Thursday, March 11, 2010

What makes an art festival a "Good One"?

A few weekends ago I participated in my first outdoor art festival - The Winter Fine Art Fair at Tioga. I am member of the University of Florida student ceramic group H.O.T (handbuilt or thrown) Clay and the Gainesville Fine Art Association invited us to set up a booth at this year's event. The festival is in its third year, and growing. It rained all day Saturday, but the sun came out for beautiful Sunday afternoon.
Just prior to this, I met someone responsible for organizing a similar event in Ocala, FL. We began discussing festival ideas and planning and it got me thinking.

So, I am asking for advice from artists who have regularly participated in weekend festivals. I will be sharing your comments, so if you prefer, you can email me at

What makes a festival a "good one"?

If it's sales, then how did the organizing committee get the word out to buyers? Or do you believe your sales are independent results and do not coorlate with specific events?

Location? Maybe there really is something about escaping to South Florida in February.

Parking? scheduling? help/assistance? communication? reputation? size? quality of other artists exhibited? what is it?!

And, if any artists reading have participated in the Ocala Art Festival hosted in the fall by Fine Arts For Ocala, I would love to know if you have any specific ideas for improving this event.

I thank everyone in advance for your feedback!

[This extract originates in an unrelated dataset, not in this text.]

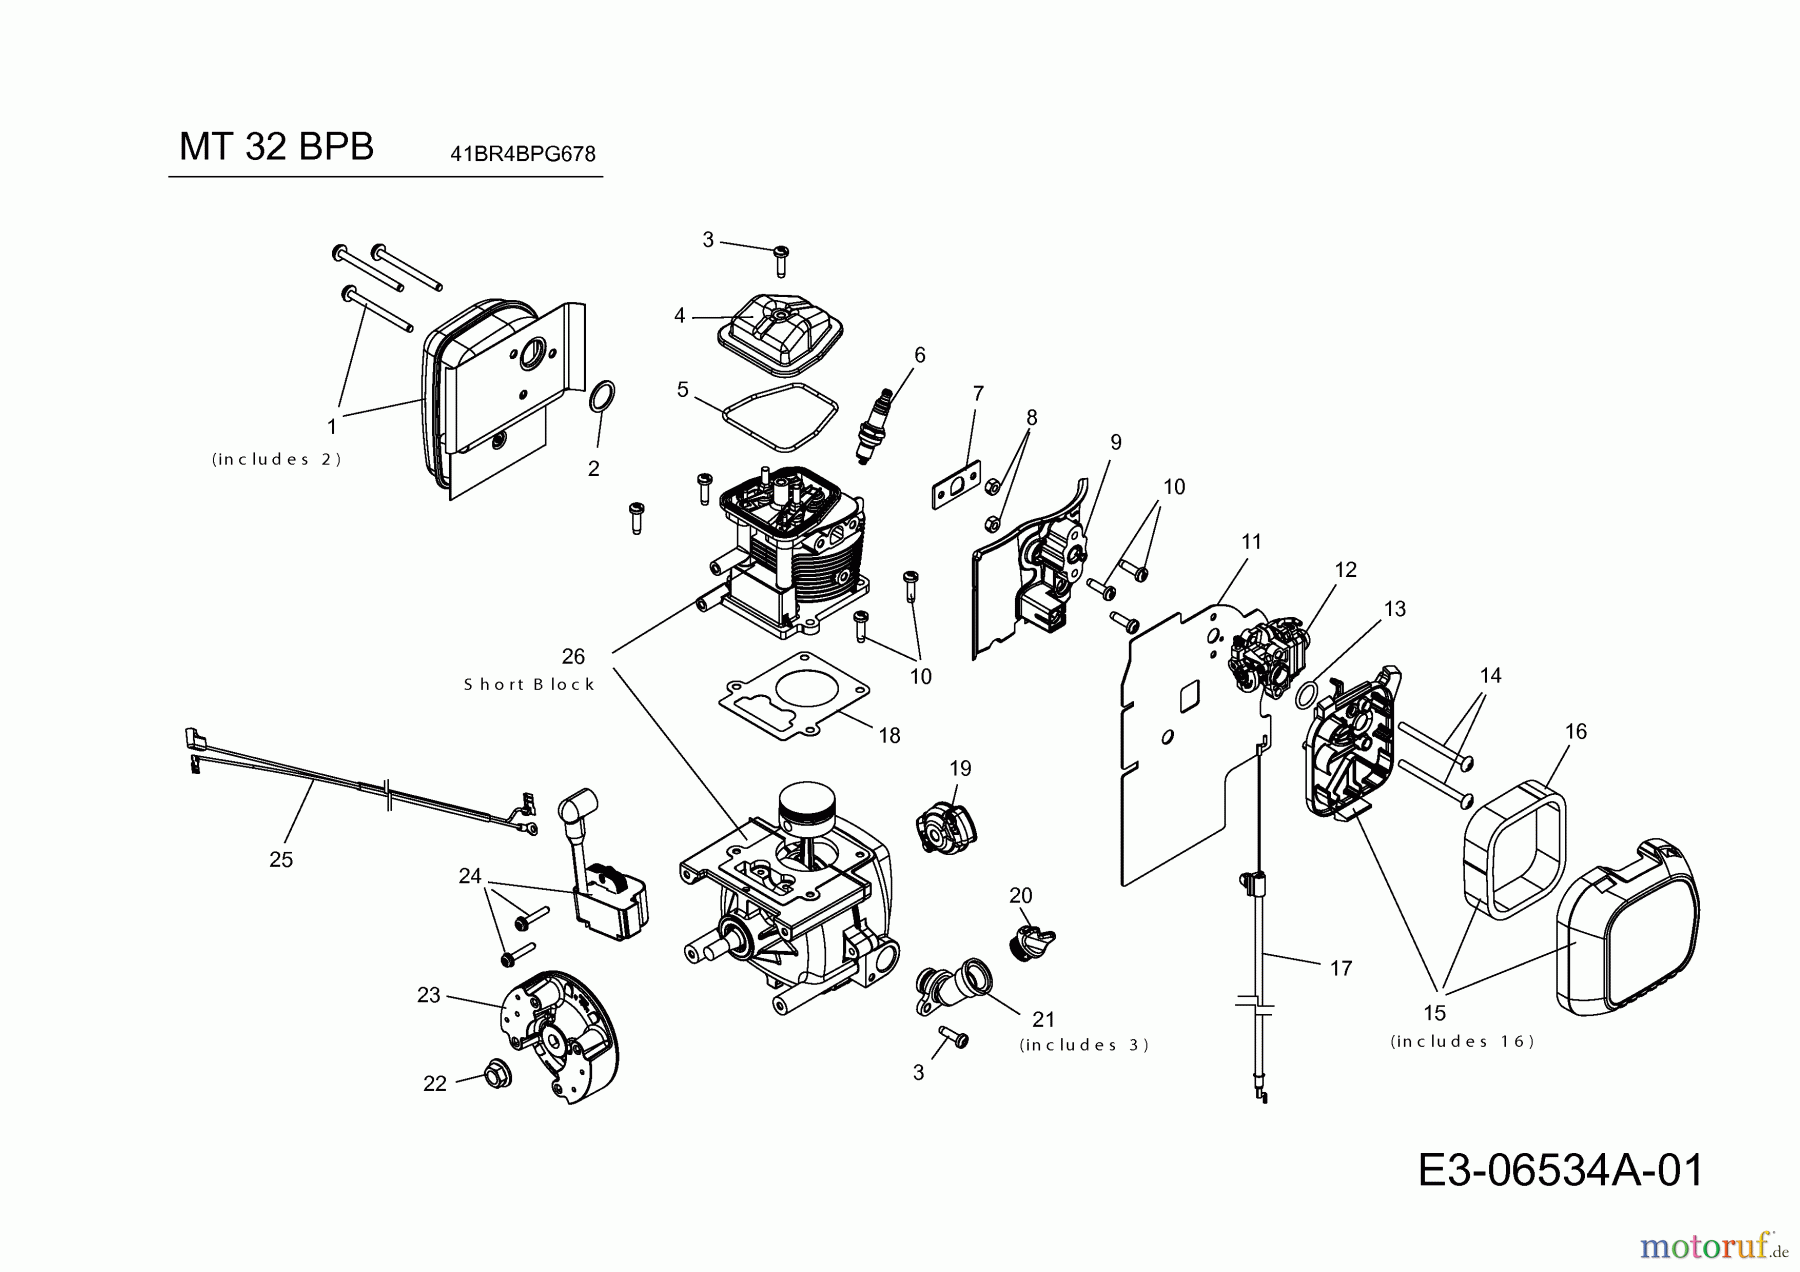  MTD Leaf blower, Blower vac MT 32 BPB 41BR4BPG678  (2020) Engine

I am excited about getting more involved in my local art community and will appreciate any suggestions I can pass along to the committee.



-Rob, Simple Circle Studios said...

Kudos on trying to get more involved in your local art scene. This is an excellent topic for discussion. Having participated in a couple of weekend craft fairs I can say that sales are very important to the success of a fair. If there aren't many sales it usually means that there are not many people. It is unbelievably disheartening for vendors (and organizers too, I would assume) to put all that effort into setting something up, then have no one show. Bearing that in mind, I would say that promotion is probably the most important thing to the success of a fair. If people do not know about it, they can't show up. I'm looking forward to hearing other people's take on the subject. And on a related topic, as an artist how do you find the good fairs and avoid the bad ones?

Meagan Chaney said...

Excellent point Rob! Thanks! I agree that promotion helps get people to the show. And to add to that - it would be helpful to know where your promotion efforts/money are best spent.

Good question about how artists hear about the good shows. I imagine it's mostly word of mouth. But I've also hear of people who do all the shows that are organized by a particular group. Wish I could remember the name. Anyone else know?